Chronos is one of the many Smalltalk-related blogs syndicated on Planet Smalltalk
χρόνος

Discussion of the Essence# programming language, and related issues and technologies.

Blog Timezone: America/Los_Angeles [Winter: -0800 hhmm | Summer: -0700 hhmm] 
Your local time:  

2007-09-23

The Semantics of "Variables"

Depending on your terminological tradition, objects have "instance variables," "members," "fields," "slots," "associations" or "references." But what matters isn't the terminology, but the semantics and mathematics.

In terms of structure and mathematics, objects are nodes (vetices, points) in a directed graph, and the references objects make to each other are directed arcs (edges) in the graph. The transitive closure of all the objects reachable by following the references from some root object is commonly called the object graph of the root object. Any object can be considered as the "root" of an object graph—although each object considered as a root node results in a different object graph.

This is one reason you typically don't find either a tree data structure or a graph data structure provided as a Collection class in a typical class library: An object already is a tree or graph node, and by defining the object's instance variables and methods, its class defines the name and semantics of the "arcs" that can be navigated from a node of that type.

Objects are graph-theoretic, in the same sense that relational databases are set-theoretic. Set theory is a subset of graph theory—which is why object-relational mapping is non-trivial.

But what is the semantics of a variable? In other words, what is the meaning of the fact that a particular variable (or any reference by name to an object) has any particular value?

Predicates

A named object reference, just like an arc in a graph, represents (or "models") an arity-2 predicate, where the two nodes are the arguments of the predicate. The existence of the arc connecting the two graph nodes is, by convention, interpreted as an assertion that the predicate represented ("modelled") by the arc that connects the two nodes is true.

For example, a variable named "parent" would normally be used to assert that whatever object is the value of that variable is the "parent" of some other object (or represents/models the parent of whatever entity is being modelled by that object). More formally, if there is an object A and an object B, and object A has an instance variable named "parent" whose value is object B, then that situation is normally intended to represent (model) the fact that the predicate hasParent(objectA, objectB) is true.

The name of a variable (or of any named reference to a value) should indicate the semantic role played by the variable—in other words, it should name the predicate modelled by the reference. Programmers often fail to do this, preferring instead to give names to variables based on the type of the values to be held by the variables. But that's a fundamental mistake: It's much easier to infer the type of a value from its semantic role, than it is to infer the semantic role from the type. And the semantic role played by variables is far more important to the meaning of code than is the type of their values.

Language designers typically have been making an analogous mistake, focusing consiberable energy and effort on type constraint systems for variables, while almost completely ignoring the core semantics of variables (or other named references to values.) Fortunately, that is beginning to change.

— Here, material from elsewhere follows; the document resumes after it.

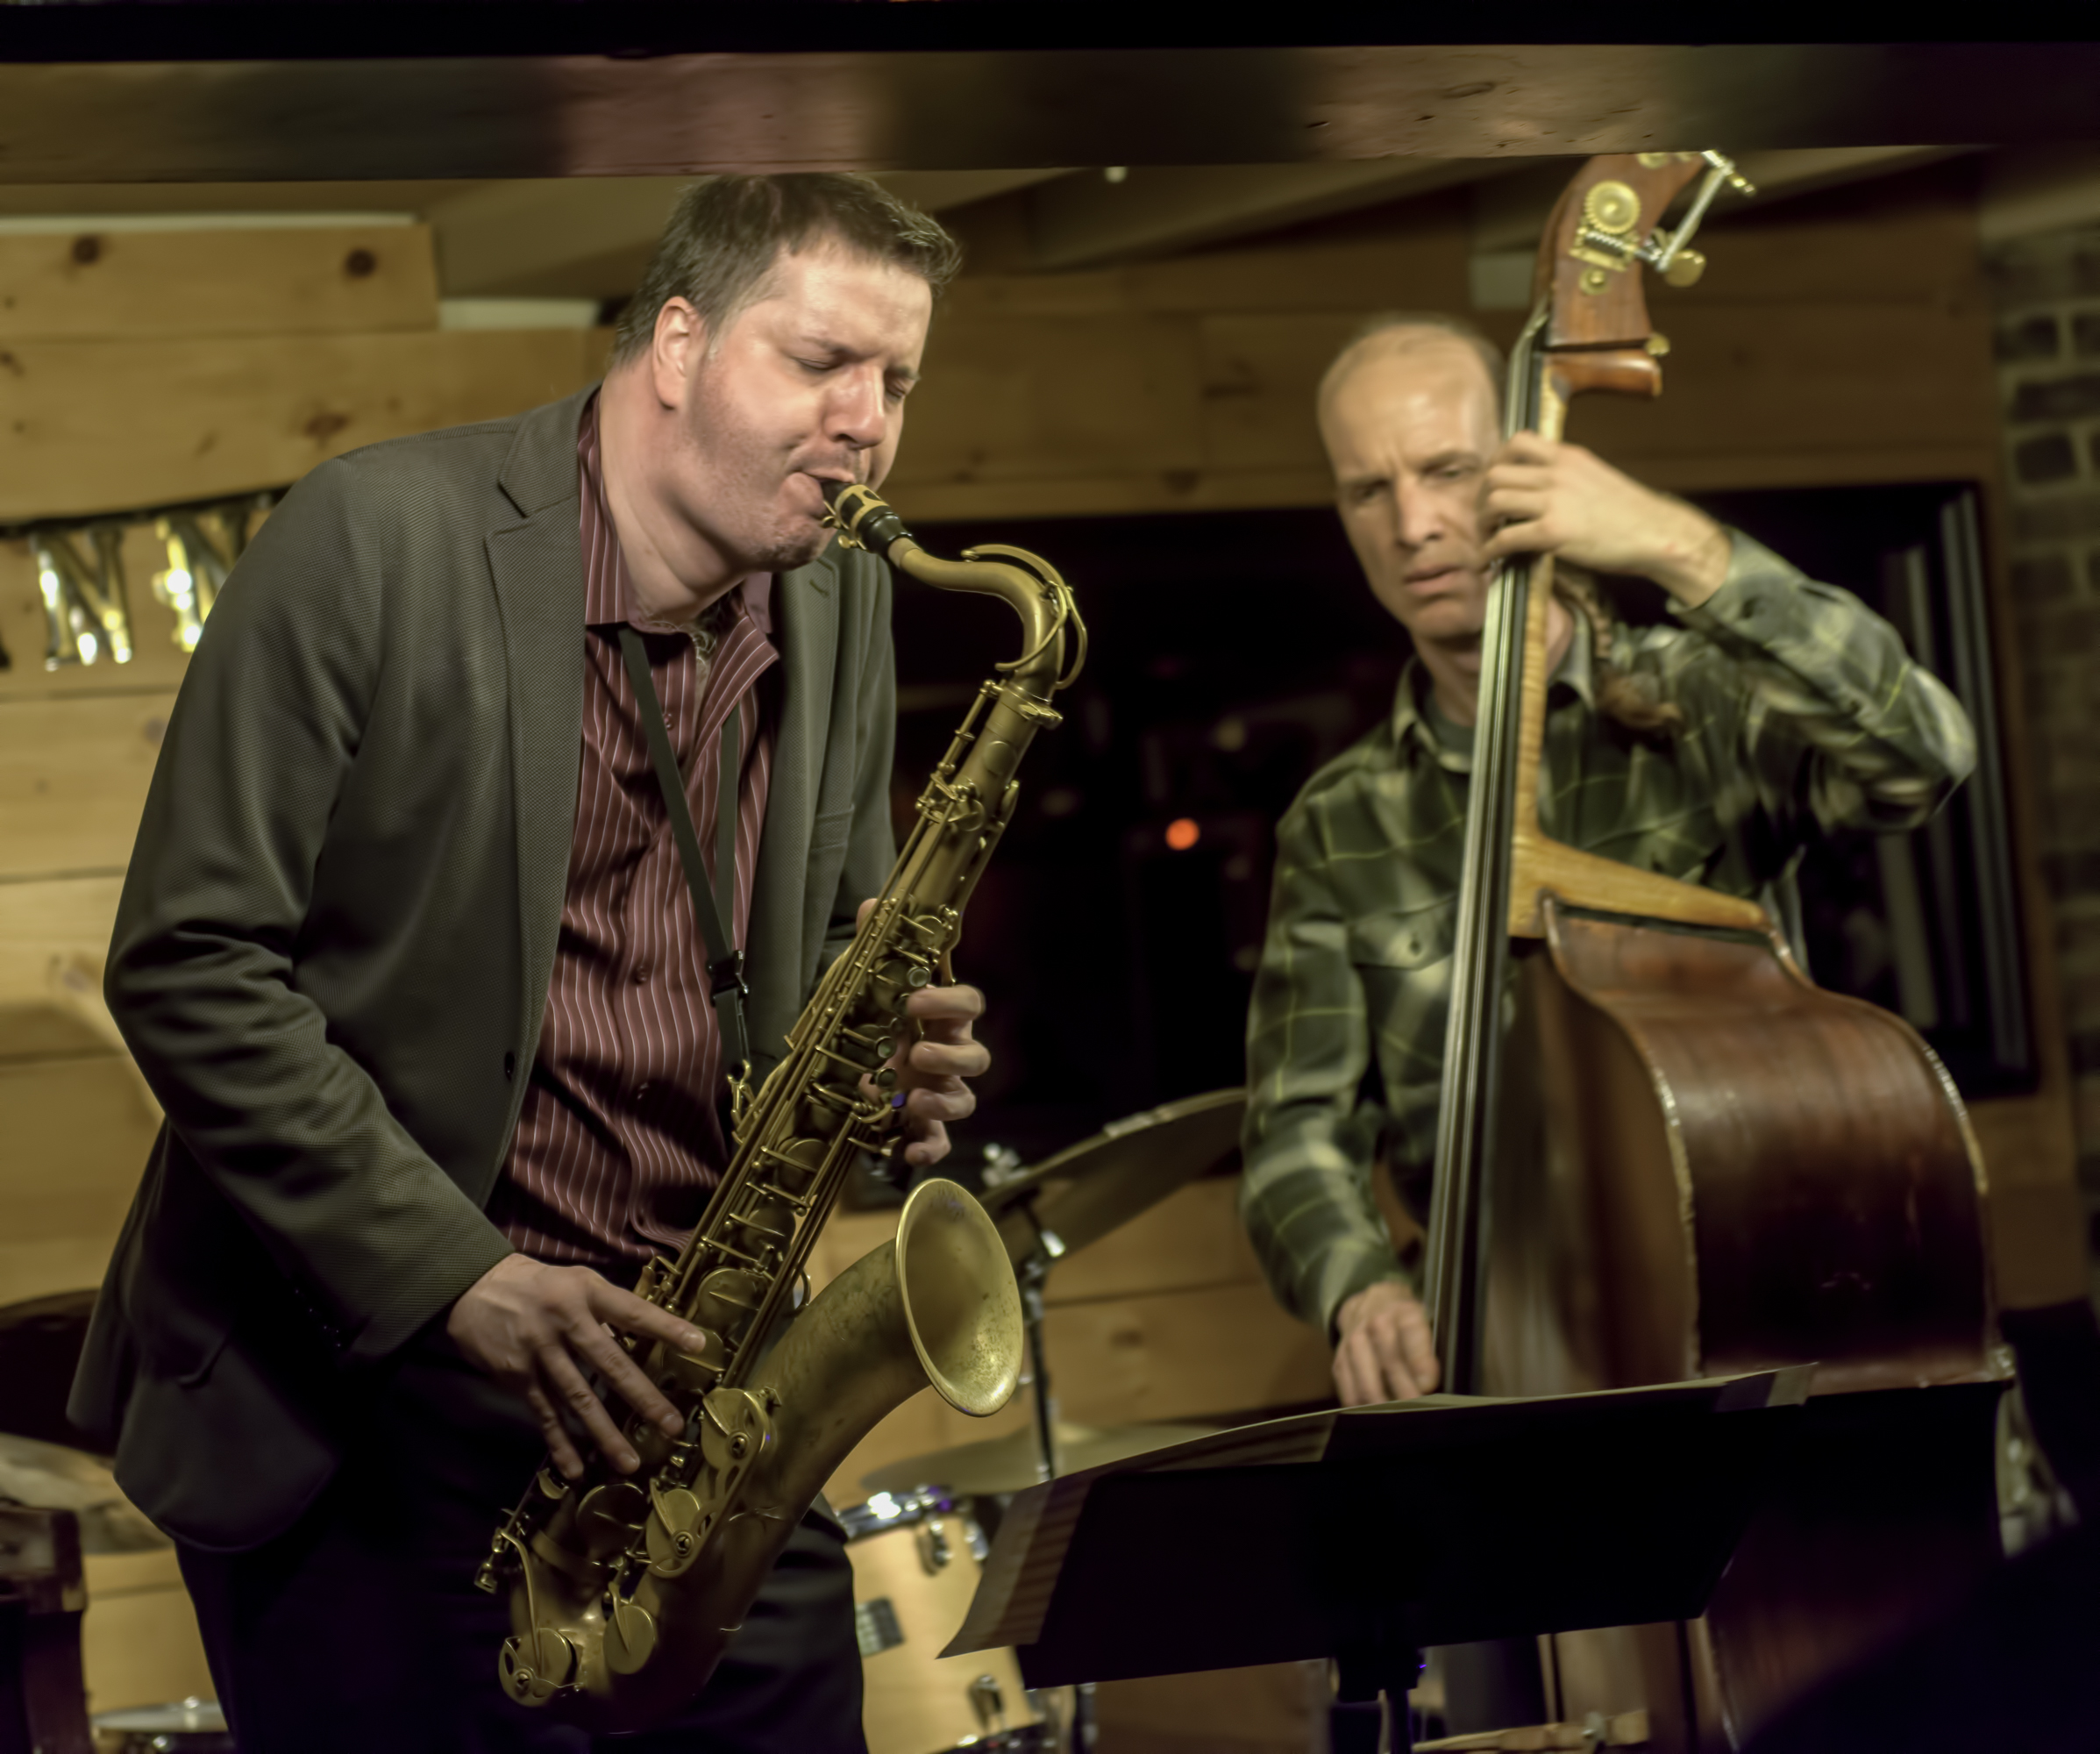 Al McLean and Fraser Hollins at Diese Onze in Montreal

In addition to the semantic role played by a variable, the following aspects of (or perspectives on) the semantics of a reference to an object (value) are also of fundamental importance:

  1. Cardinality: The minimum and maximum number of different individuals that can validly be members of the arity-2 relation defined by the arity-2 predicate represented by an instance variable.
  2. Symmetry: Is the arity-2 predicate represented by an instance variable symmetric? If hasSibling(A, B), then is it necessarily true that hasSibling(B, A)?
  3. Transitivity: Is the arity-2 predicate represented by an instance variable transitive? If hasAncestor(A, B) and hasAncestor(B, C), then is it necessarily true that hasAncestor(A, C)?
  4. Equivalence Semantics: What matters about the object referenced by a variable—it's identity as an object, or the value it represents?
  5. Modality Semantics: Does the referenced value serve to identify the referrer, or is it simply an accidental (transient, variable) property of the referrer?
The remainder this post deals with the equivalence and modality semantics of inter-object references. For a more complete discussion of the cardinality, symmetry and transitivity of inter-object references, check out RDF and OWL.

Equivalence Semantics

The tradition in object modelling is to classify the properties (instance variables) of an object as being either attributes or associations. The usual explanation of the difference is that an instance variable whose type is one of the primitive types is an "attribute," but that an instance variable whose type is one of the object types is an "association." That explanation is misleading at best, and totally wrong at worst.

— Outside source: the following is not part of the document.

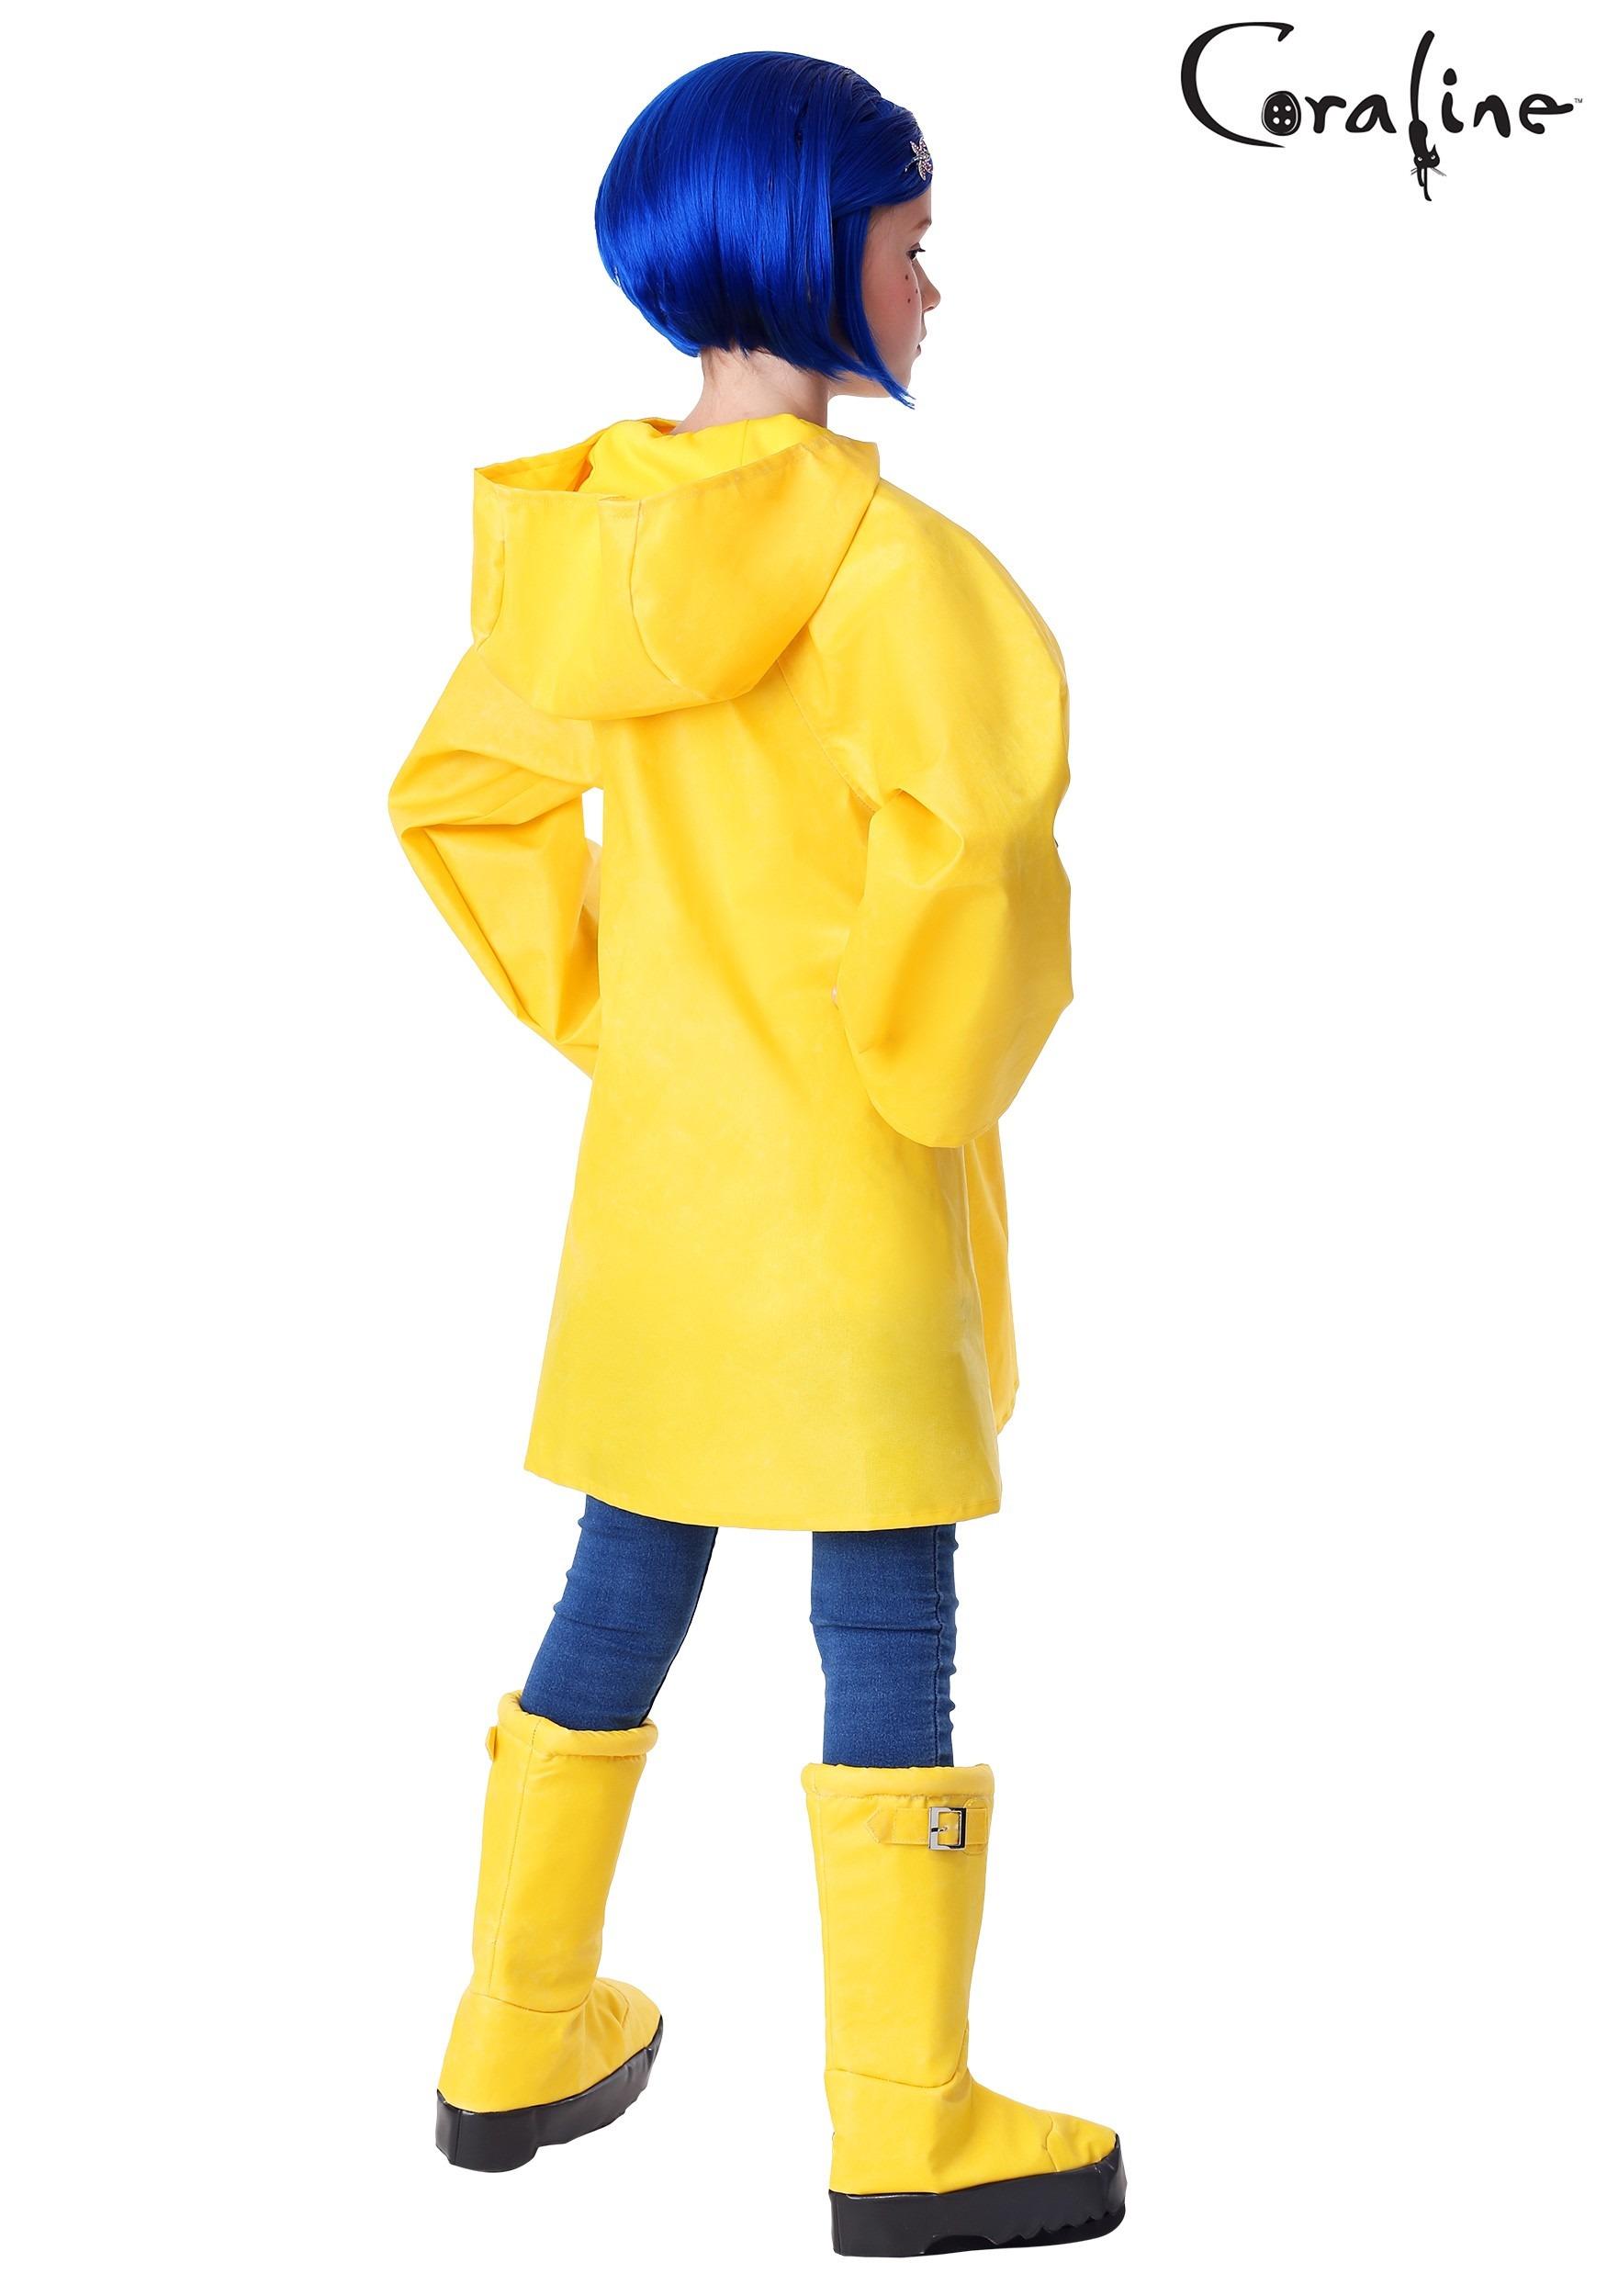 Coraline Child Costume

To see the problem with the conventional explanation, consider an instance variable whose type is java.lang.String. A Java String is an object, not a primitive type. But there can be no question that String-valued instance variables in Java are attributive, not associative. As another example, consider any instance variable of any Smalltalk object. In Smalltalk, all values are objects—there are no primitive types—and so all instance variables have objects as their values. The idea that the instance variables of a Smalltalk object can't be attributive, just because Smalltalk has no primitive types, is absurd on its face: Whether an instance variable is an attributive reference or an associative reference should not depend on which programming language one uses.

The valid explanation of the difference between an attribute and an association is that the equivalence semantics of the two are different. An attribute references the value of an object. An association references the identity of an object. The distinction between the value and the identity of an object only matters if the object is mutable. If an object is immutable, then its value can't be modified. Since an attribute references the value of an object, any change to the value of the referenced object violates the semantics of the attributive reference.

Primitive values (the values of primitive types) are immutable. That's why they are commonly used as the values of attributes. But any object that is immutable can easily serve as the value of an attributive reference—which is one reason that Smalltalk objects can, in fact, have instance variables that are attributes, even though all values are objects.

It can sometimes be the case that an instance variable needs to be an attributive reference, but there is no type or class available whose instances can be the value of such a variable, and which are (or can be made) immutable. Such cases require either that a different class or type be developed whose instances are immutable, or that the programmer take special care to prevent the objects that are referenced attributively from having their values modified in a way that (silently) breaks the intended equivalence semantics of any attributive references to those objects.

One commonly used technique for "safely" using a mutable object as the value of an attributive reference is to use an accessor method that returns a copy of the attributively-referenced mutable object, instead of answering the object itself. Another is to have "object copy" logic that substitutes a copy of the original (mutable) object as the value of any attributive instance variable in any copy of the original object that is created.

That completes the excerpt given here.